I tried recompiling some C code on RP2 that does a single-precision 2D inverse FFT with 4096 x 4096 elements, using the current Raspbian gcc without special flags, and also gcc-4.8 with them. I did 4 runs with each version, and the time in the FFT routine averaged 62 seconds in both cases. Is this expected, or should there be an improvement? There was one tiny difference; the older GCC code took 62 or 63 seconds on each run. The newer code varied from 61 to 64 seconds. The system was otherwise unloaded (except for 'top' running, showing the FFT code at 99.8% ... 100.3% cpu) in both cases.
Code: Select all
Compile flags:
(Case 1) gcc -ansi -pedantic -Wall -O4 (Raspbian gcc version 4.6.3)

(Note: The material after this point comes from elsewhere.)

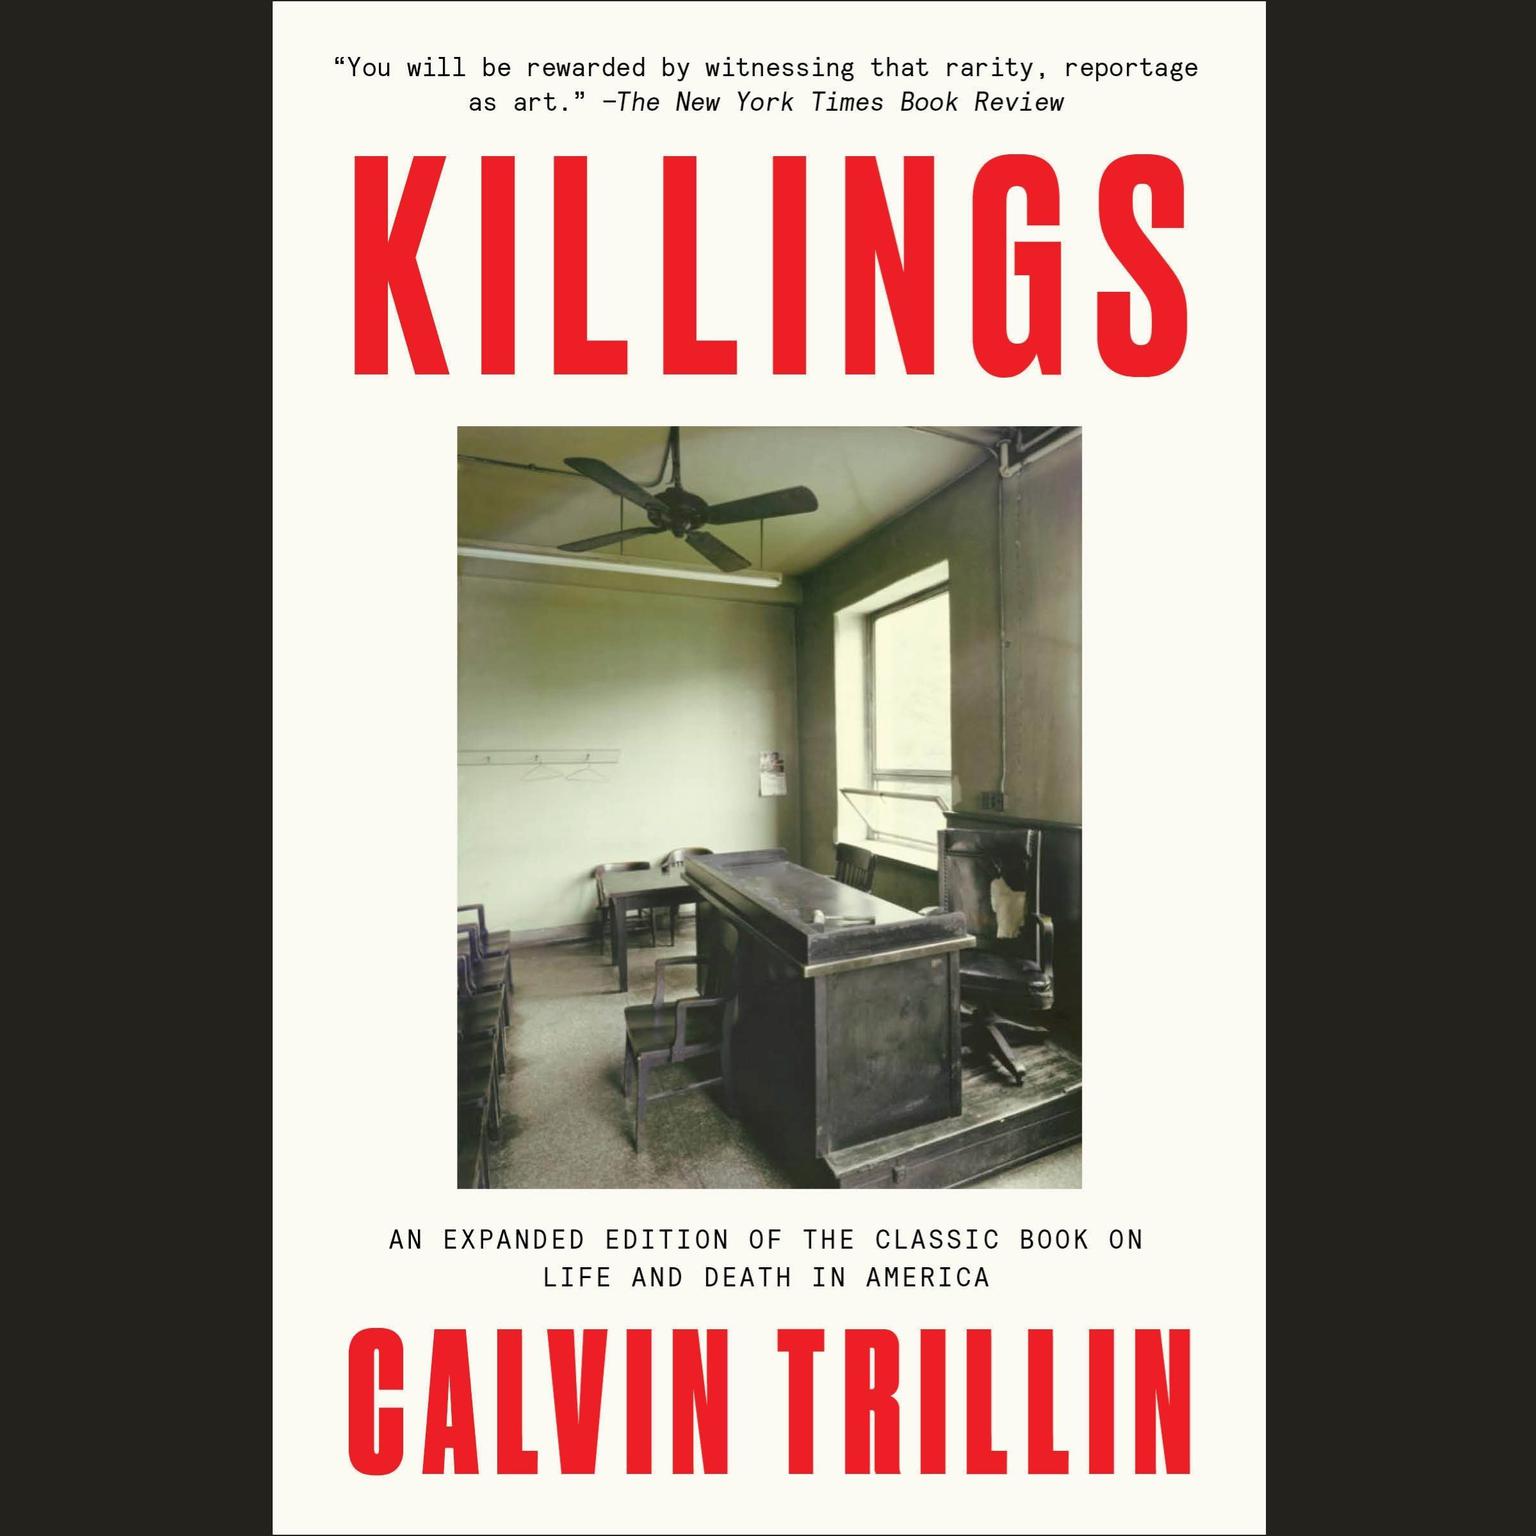 Killings Audiobook, by Calvin Trillin

(Case 2) gcc-4.8 -ansi -pedantic -Wall -O4 -mcpu=cortex-a7 -mfpu=neon-vfpv4 -mfloat-abi=hard -funsafe-math-optimizations
If anyone's interested, the code is
http://www.bealecorner.org/best/gforge/Hflab095.zip and inside the interpreter my test was:
EDIT: using the built-in repeat function the variability went away, but still nearly the same speed.
Code: Select all
HL>repeat 10 cfill 4096; tic; ifft; toc; pop
62 seconds.
62 seconds.
61 seconds.
62 seconds.
62 seconds.
62 seconds.
62 seconds.
61 seconds.
62 seconds.
62 seconds.
HL-ARMv7>repeat 10 cfill 4096; tic; ifft; toc; pop
62 seconds.
62 seconds.
61 seconds.
61 seconds.
61 seconds.
61 seconds.
61 seconds.
61 seconds.
61 seconds.
61 seconds.
Note: with 4 threads each at 100% CPU, my power meter says 0.47 A @ 5.02V = 2.36 W, and after a few minutes cpu temperature = 53 C
Interestingly, if I run four instances of the "hl" program each doing a large FFT job, each one takes about 156 seconds to complete instead of 62 seconds, so with all four CPUs busy, each thread is running at 40% of the full speed it had when running alone. I guess the problem is the memory bus access, since each 4096x4096 complex array takes up 134 MB it won't fit in any kind of local cache, and the FFT process is highly non-local, accessing every element frequently.